**ASSIGNMENT:**
The data must be given again in full, with no line altered.

(EXCERPTED RECORDS)

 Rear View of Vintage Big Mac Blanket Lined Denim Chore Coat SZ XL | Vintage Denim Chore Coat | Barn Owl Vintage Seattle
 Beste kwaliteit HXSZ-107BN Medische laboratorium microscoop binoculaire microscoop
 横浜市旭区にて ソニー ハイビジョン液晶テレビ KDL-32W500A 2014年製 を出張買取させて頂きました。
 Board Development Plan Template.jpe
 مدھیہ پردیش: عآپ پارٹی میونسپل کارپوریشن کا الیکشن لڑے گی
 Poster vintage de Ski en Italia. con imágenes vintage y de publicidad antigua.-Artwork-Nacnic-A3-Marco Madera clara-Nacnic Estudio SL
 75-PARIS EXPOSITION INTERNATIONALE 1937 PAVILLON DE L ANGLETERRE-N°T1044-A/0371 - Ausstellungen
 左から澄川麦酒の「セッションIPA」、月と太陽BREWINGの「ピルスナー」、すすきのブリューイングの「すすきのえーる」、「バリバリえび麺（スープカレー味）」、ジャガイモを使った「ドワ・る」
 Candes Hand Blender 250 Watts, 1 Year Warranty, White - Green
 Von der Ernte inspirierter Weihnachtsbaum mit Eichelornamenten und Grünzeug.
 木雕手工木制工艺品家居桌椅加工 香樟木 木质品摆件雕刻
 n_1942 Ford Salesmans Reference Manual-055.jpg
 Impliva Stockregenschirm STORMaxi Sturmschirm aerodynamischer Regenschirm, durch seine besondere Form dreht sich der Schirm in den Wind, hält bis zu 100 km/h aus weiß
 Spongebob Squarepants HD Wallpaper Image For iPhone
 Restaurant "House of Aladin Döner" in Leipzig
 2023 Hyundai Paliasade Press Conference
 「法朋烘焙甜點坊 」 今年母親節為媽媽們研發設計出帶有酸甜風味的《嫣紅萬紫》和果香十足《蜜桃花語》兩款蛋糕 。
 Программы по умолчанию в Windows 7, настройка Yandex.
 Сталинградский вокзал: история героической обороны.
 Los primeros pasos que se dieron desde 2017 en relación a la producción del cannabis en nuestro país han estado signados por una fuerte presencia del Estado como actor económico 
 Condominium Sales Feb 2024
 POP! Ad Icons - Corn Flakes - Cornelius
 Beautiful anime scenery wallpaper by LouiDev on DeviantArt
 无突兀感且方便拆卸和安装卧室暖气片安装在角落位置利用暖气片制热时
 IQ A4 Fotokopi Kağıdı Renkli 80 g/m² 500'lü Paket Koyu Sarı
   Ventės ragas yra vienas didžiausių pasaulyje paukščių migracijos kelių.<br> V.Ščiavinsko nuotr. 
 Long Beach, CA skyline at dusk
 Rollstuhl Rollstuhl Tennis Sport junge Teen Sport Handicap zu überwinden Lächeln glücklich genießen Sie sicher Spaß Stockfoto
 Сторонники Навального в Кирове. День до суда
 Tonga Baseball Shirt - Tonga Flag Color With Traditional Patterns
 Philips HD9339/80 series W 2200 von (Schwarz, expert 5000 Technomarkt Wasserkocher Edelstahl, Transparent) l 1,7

(End EXCERPTED RECORDS)

**OUTPUT:**
 Rear View of Vintage Big Mac Blanket Lined Denim Chore Coat SZ XL | Vintage Denim Chore Coat | Barn Owl Vintage Seattle
 Beste kwaliteit HXSZ-107BN Medische laboratorium microscoop binoculaire microscoop
 横浜市旭区にて ソニー ハイビジョン液晶テレビ KDL-32W500A 2014年製 を出張買取させて頂きました。
 Board Development Plan Template.jpe
 مدھیہ پردیش: عآپ پارٹی میونسپل کارپوریشن کا الیکشن لڑے گی
 Poster vintage de Ski en Italia. con imágenes vintage y de publicidad antigua.-Artwork-Nacnic-A3-Marco Madera clara-Nacnic Estudio SL
 75-PARIS EXPOSITION INTERNATIONALE 1937 PAVILLON DE L ANGLETERRE-N°T1044-A/0371 - Ausstellungen
 左から澄川麦酒の「セッションIPA」、月と太陽BREWINGの「ピルスナー」、すすきのブリューイングの「すすきのえーる」、「バリバリえび麺（スープカレー味）」、ジャガイモを使った「ドワ・る」
 Candes Hand Blender 250 Watts, 1 Year Warranty, White - Green
 Von der Ernte inspirierter Weihnachtsbaum mit Eichelornamenten und Grünzeug.
 木雕手工木制工艺品家居桌椅加工 香樟木 木质品摆件雕刻
 n_1942 Ford Salesmans Reference Manual-055.jpg
 Impliva Stockregenschirm STORMaxi Sturmschirm aerodynamischer Regenschirm, durch seine besondere Form dreht sich der Schirm in den Wind, hält bis zu 100 km/h aus weiß
 Spongebob Squarepants HD Wallpaper Image For iPhone
 Restaurant "House of Aladin Döner" in Leipzig
 2023 Hyundai Paliasade Press Conference
 「法朋烘焙甜點坊 」 今年母親節為媽媽們研發設計出帶有酸甜風味的《嫣紅萬紫》和果香十足《蜜桃花語》兩款蛋糕 。
 Программы по умолчанию в Windows 7, настройка Yandex.
 Сталинградский вокзал: история героической обороны.
 Los primeros pasos que se dieron desde 2017 en relación a la producción del cannabis en nuestro país han estado signados por una fuerte presencia del Estado como actor económico 
 Condominium Sales Feb 2024
 POP! Ad Icons - Corn Flakes - Cornelius
 Beautiful anime scenery wallpaper by LouiDev on DeviantArt
 无突兀感且方便拆卸和安装卧室暖气片安装在角落位置利用暖气片制热时
 IQ A4 Fotokopi Kağıdı Renkli 80 g/m² 500'lü Paket Koyu Sarı
   Ventės ragas yra vienas didžiausių pasaulyje paukščių migracijos kelių.<br> V.Ščiavinsko nuotr. 
 Long Beach, CA skyline at dusk
 Rollstuhl Rollstuhl Tennis Sport junge Teen Sport Handicap zu überwinden Lächeln glücklich genießen Sie sicher Spaß Stockfoto
 Сторонники Навального в Кирове. День до суда
 Tonga Baseball Shirt - Tonga Flag Color With Traditional Patterns
 Philips HD9339/80 series W 2200 von (Schwarz, expert 5000 Technomarkt Wasserkocher Edelstahl, Transparent) l 1,7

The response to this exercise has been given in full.